The Bic -- World's First Chewable Pen
They are so ubiquitous now that we hardly even think about them, except when they run out of ink. But there was a moment in history when Bic pens had an impact on the lives of almost everyone.
The year was 1959 and I was in third grade when my friends and I acquired our first 19-cent Bic ballpoint pens at the stationary and candy store at the Albertson train station on Long Island. They were among the first cheap and disposable plastic items to enter our lives.
Things would never quite be the same.
Before the Bic, we basically had two types of pens -- the fountain pen, which required one to purchase ink in a small jar and draw the ink into the pen using a small built-in pump (Later we could purchase disposable cartridges of ink that one inserted in the pen). Fountain pens were messy. If you left the nib on the paper too long, you got a spot the size of a dime.
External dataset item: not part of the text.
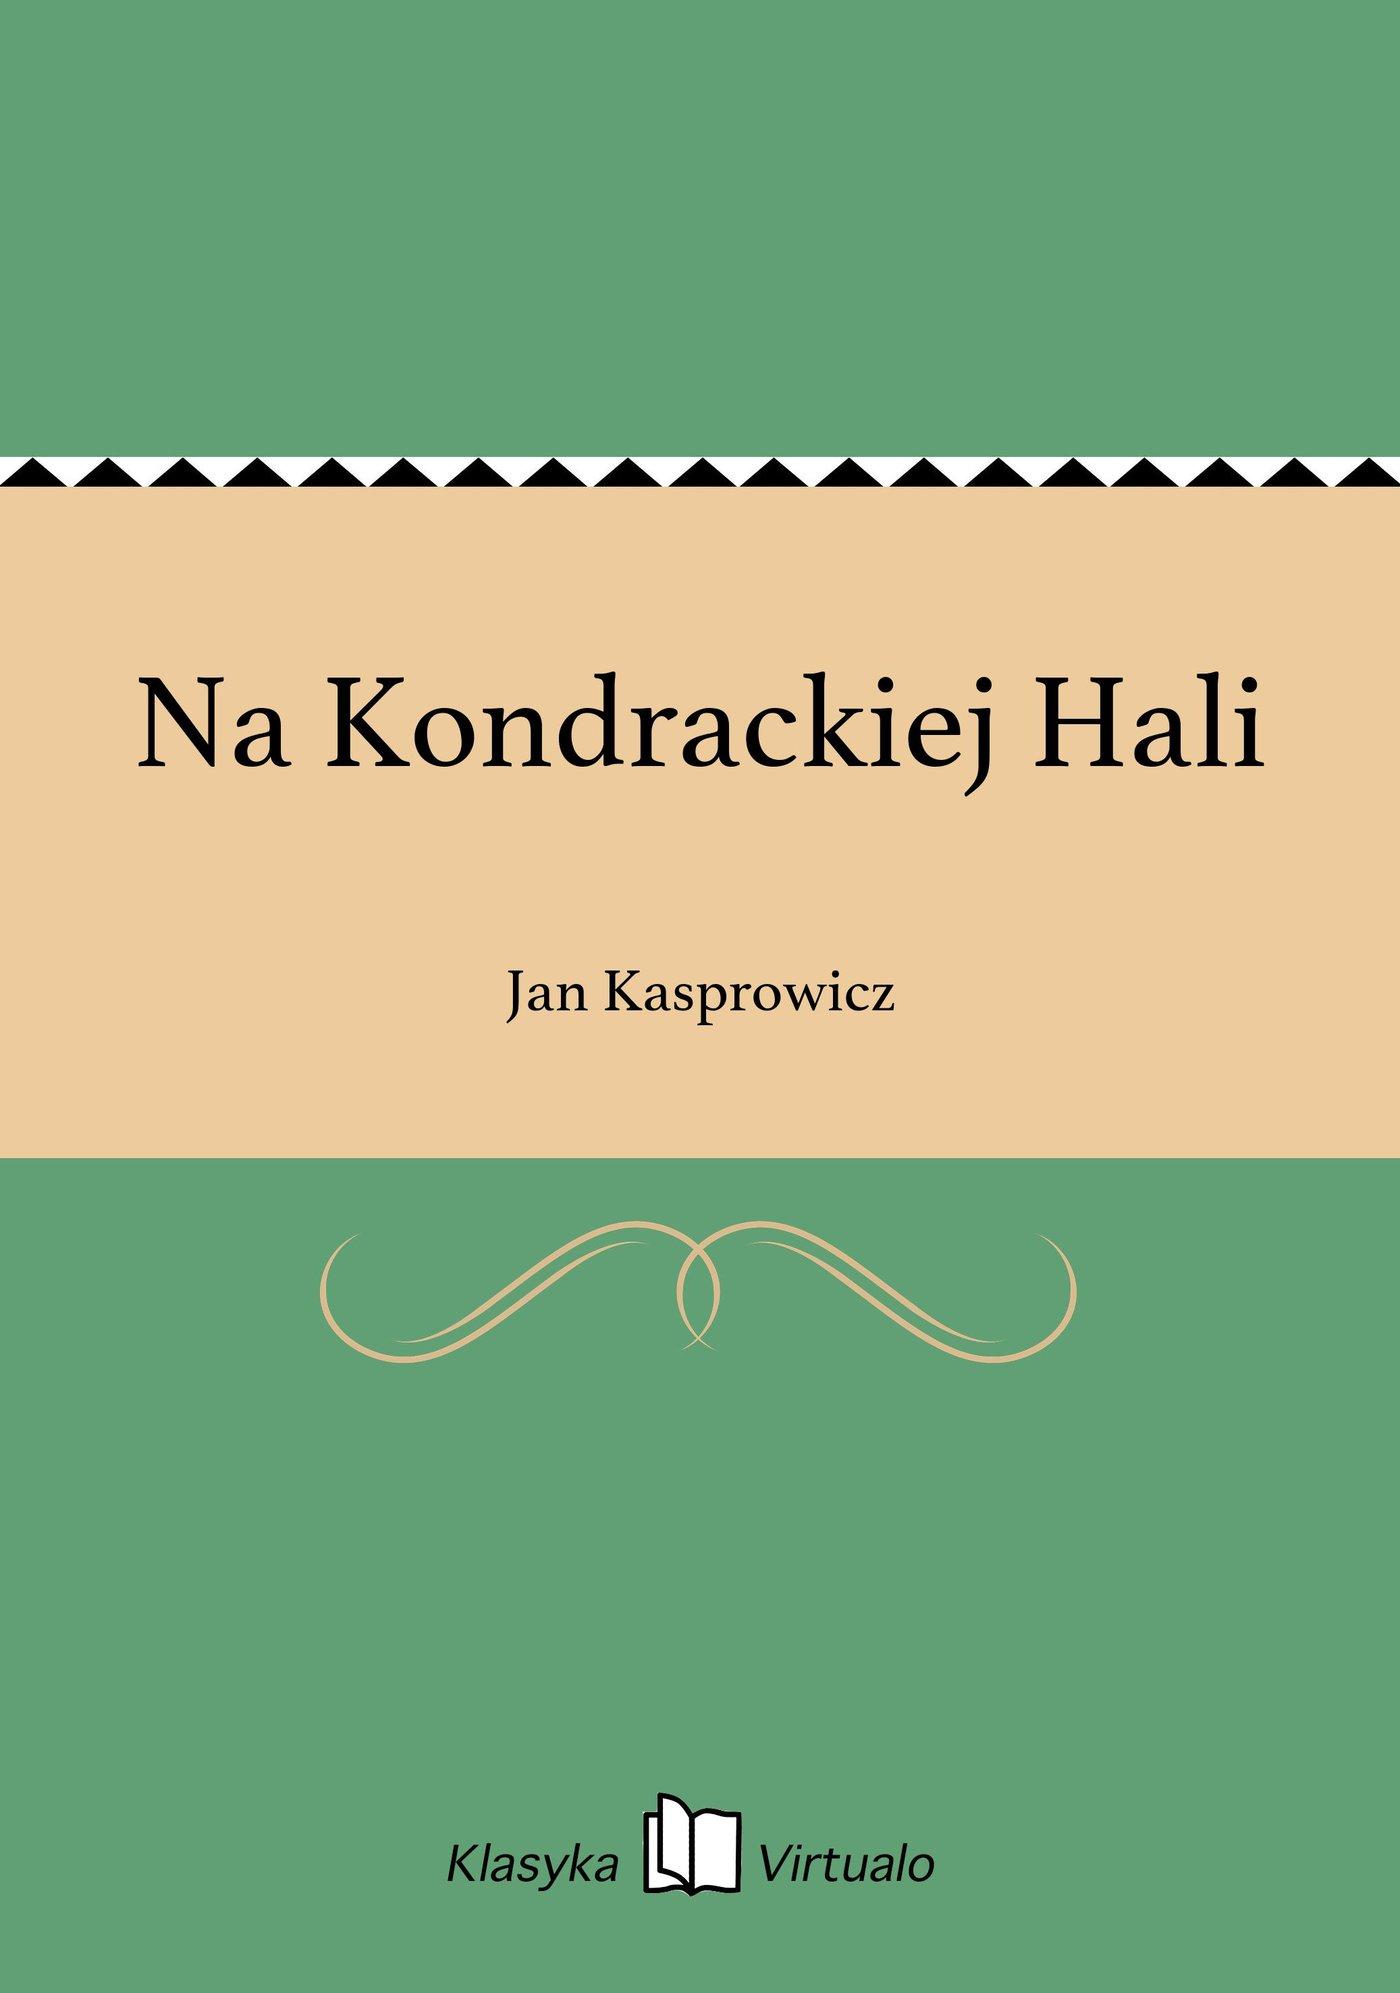 Na Kondrackiej Hali - Ebook (Książka EPUB) do pobrania w formacie EPUB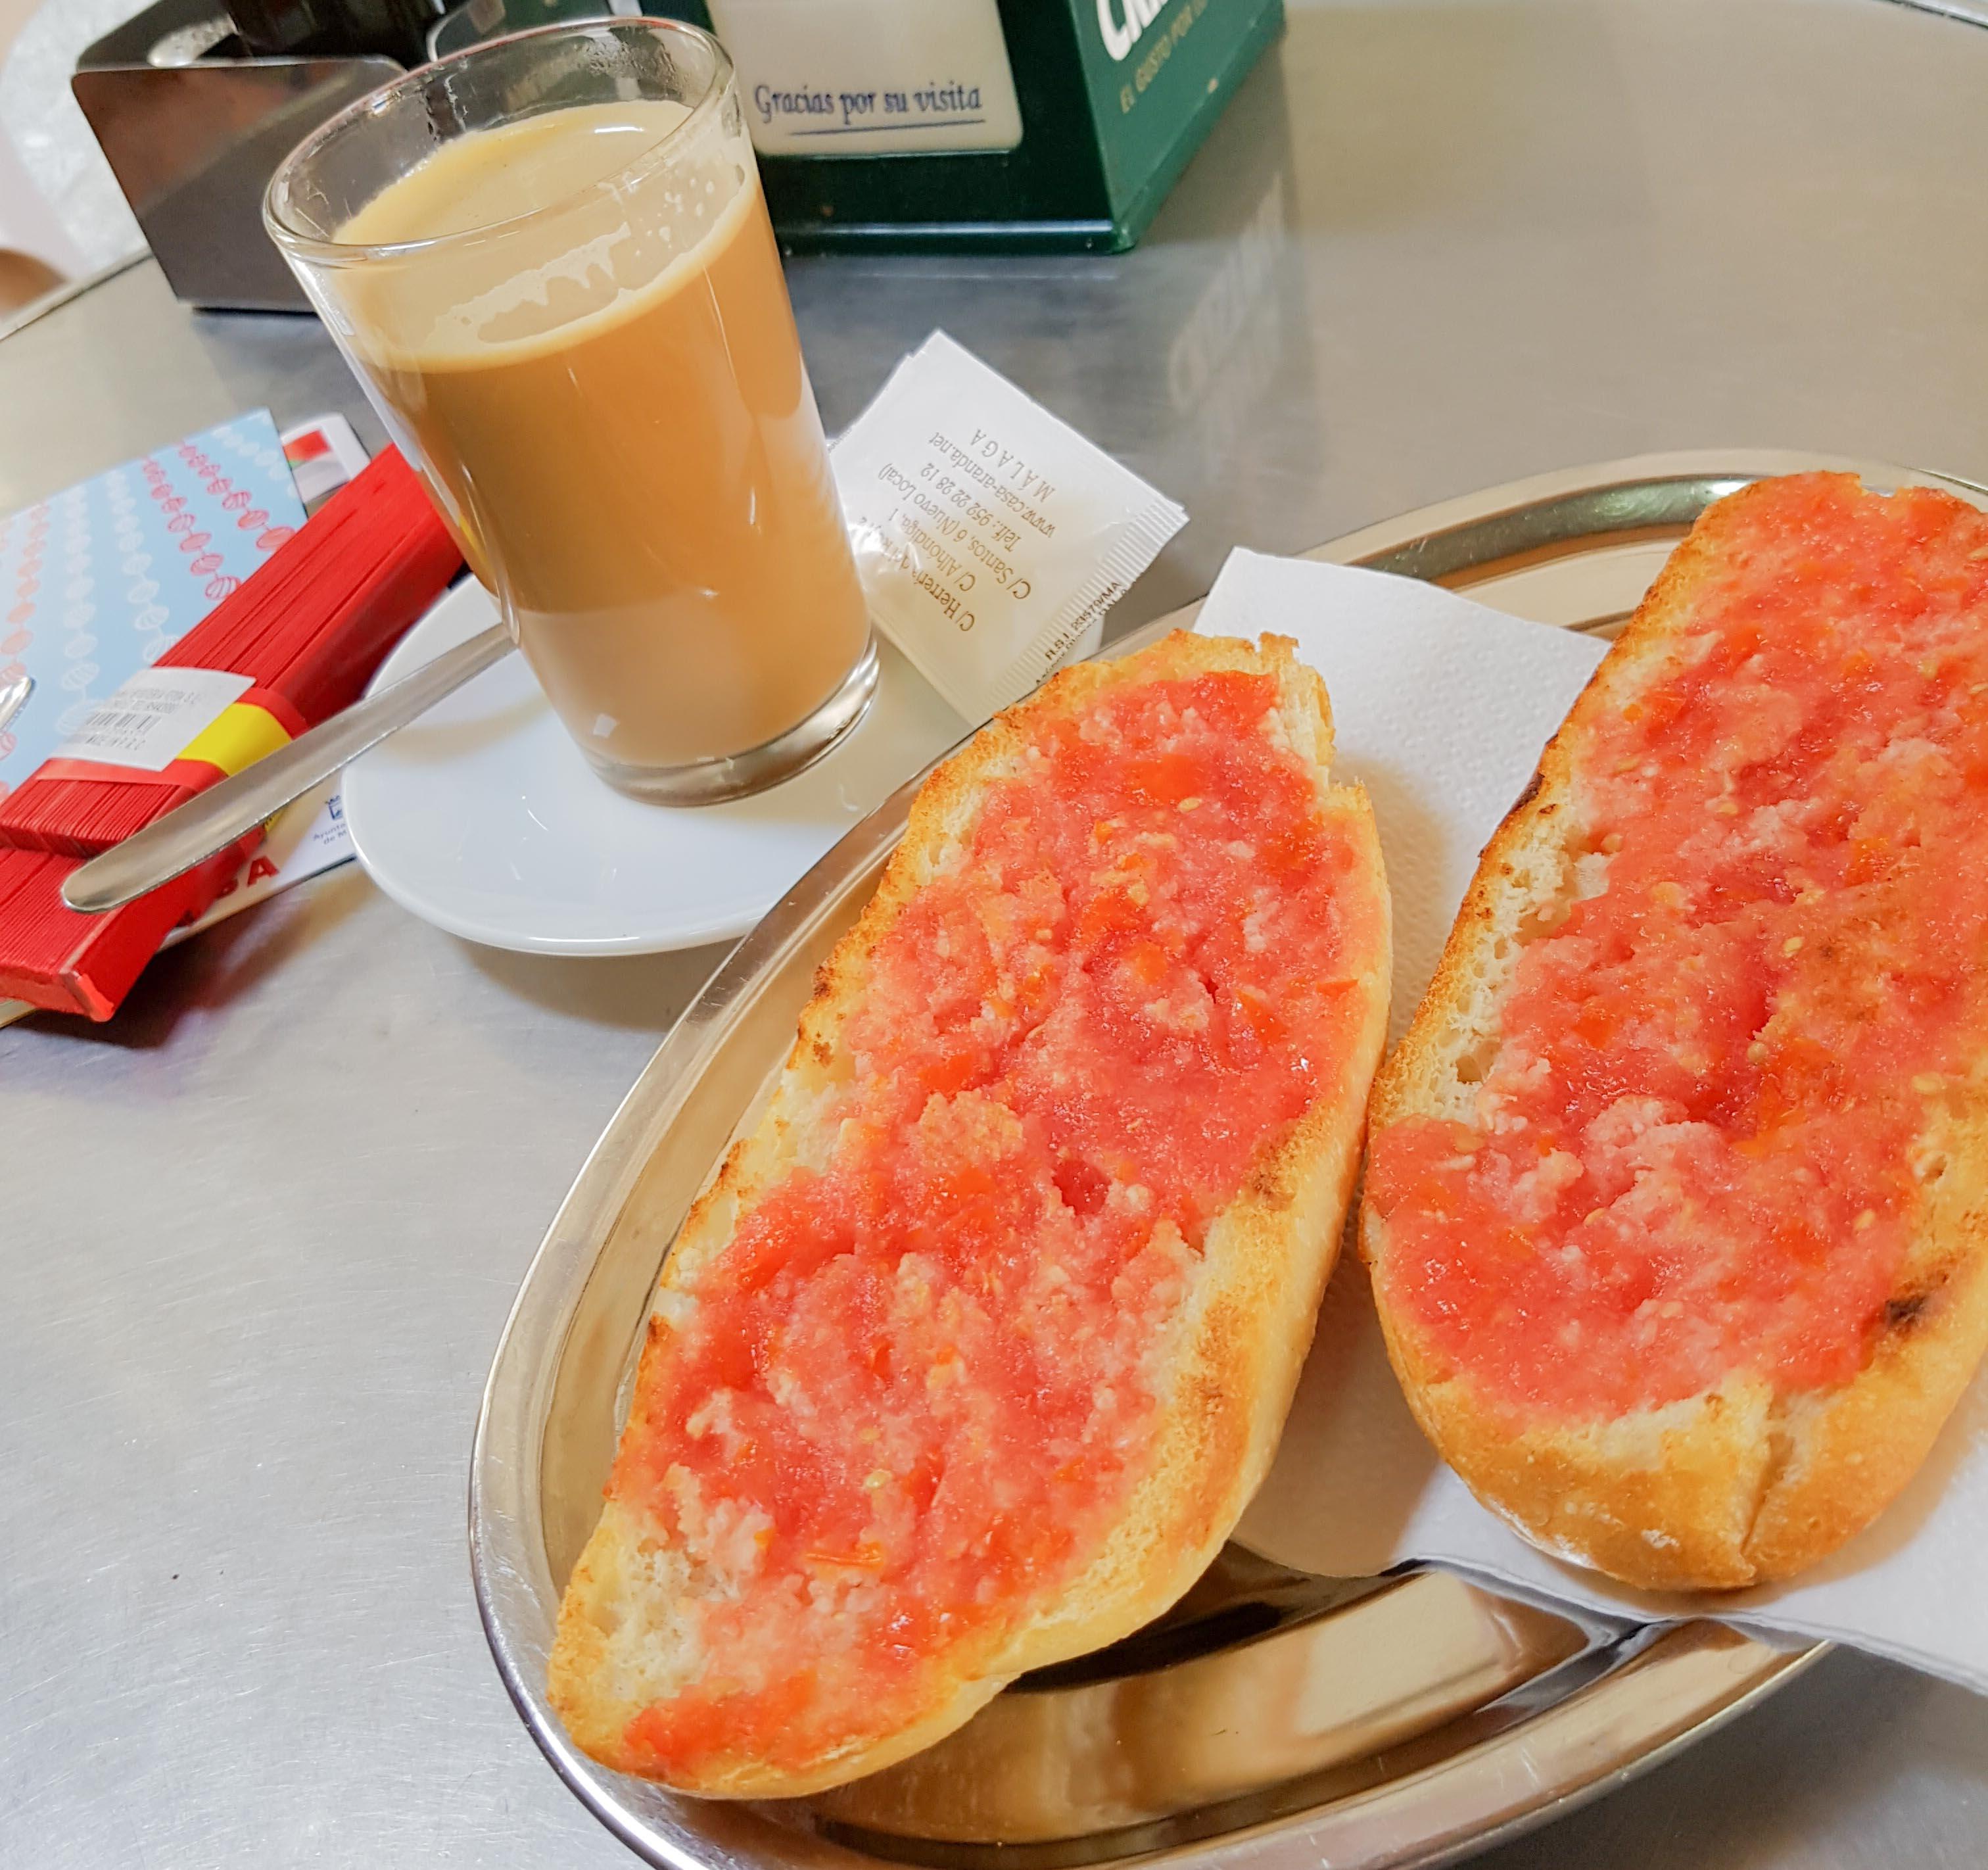 Frühstück in Spanien: Toast mit Tomate und Olivenöl

They also had a tendency to leak, thus wreaking havoc on our shirts and pants.
The other kind of pen was the ballpoint, but not the disposable kind. These were made by companies like Parker, Scheaffer and Cross, and also came with refills. When a refill ran dry, you replaced it with a fresh one.
Whether ballpoint or fountain pen, these things were fairly expensive. You didn’t want to have to go home and tell your mom that you’d broken or lost it.
The first chewable pen, part 1
It surely wasn’t intended as part of the appeal, but Bic pens were chewable. Whereas most things meant to be chewed – gum, candy, etc – were banned in classrooms, pens were a necessity. Personally, I preferred to begin with the little stopper at the back end. It fit easily in your mouth and didn’t appear to detract from the functionality of the pen. The only problem with chewing the stopper was that it was
Although I’m certain I tried.
The first chewable pen, Part 2
The part of the Bic pen that you could chew repeatedly was the top, along with the little scoop-shaped thingie (which many years later – during the time of disco and Studio 54 -- proved to be an invaluable backup for other purposes), that was supposed to hook the pen to your shirt pocket. You could chew on one of these for quite a while and still get it to fit back on your pen. Although eventually – around the time that it began to resemble reptilian roadkill – it would begin to crack and flatten and become useless.
At this point the owner of the pen was faced with several choices. You could continue to carry it around without its top, which sooner or later usually resulted in a stain similar to the ones fountain pens caused.
Or, you could dismantle the pen and use the clear plastic tube as a more than adequate spitball launcher.
The first chewable pen, Part 3
Hardcore Bic pen gnawers did not stop after the plug and top were chewed. They went for the tube itself, which, even though it was made of harder plastic, didn’t prevent it from enduring a thorough mastication. I seem to recall, however, that given enough chomping, the tube tended to fracture into possibly dangerous slivers and splinters. Perhaps school nurses could shed more light on this?
And even that wasn’t the end of a Bic pen’s epicurean delights, for once the tube was breeched, the truly dedicated gnawer could procure that sliver of blue or black delicacy, the cartridge. As anyone who has ever gone that far knows, the cartridge of the Bic pen is composed of some of the softest, most delectable plastic available. But you had to be careful. One chomp too many and you could suffer the dreaded blight of Navy blue lips.
And finally, the bic pen and the demise of the old-fashioned wooden school desk
This is probably a bit of a stretch, but it seems to me that the arrival of the Bic pen coincided with the end of those old (comparatively soft and easiest gouged ) wooden school desks, and the arrival of the modern (comparatively hard and difficult to scratch) laminate desk.
I seem to recall, or imagine I recall, that the switchover came around 4th or 5th grade, which would have been right around the time the Bic appeared. Coincidence? Or did that tough rollerball point prove too tempting to those of us who needed to carve our initials and other expressions in wood?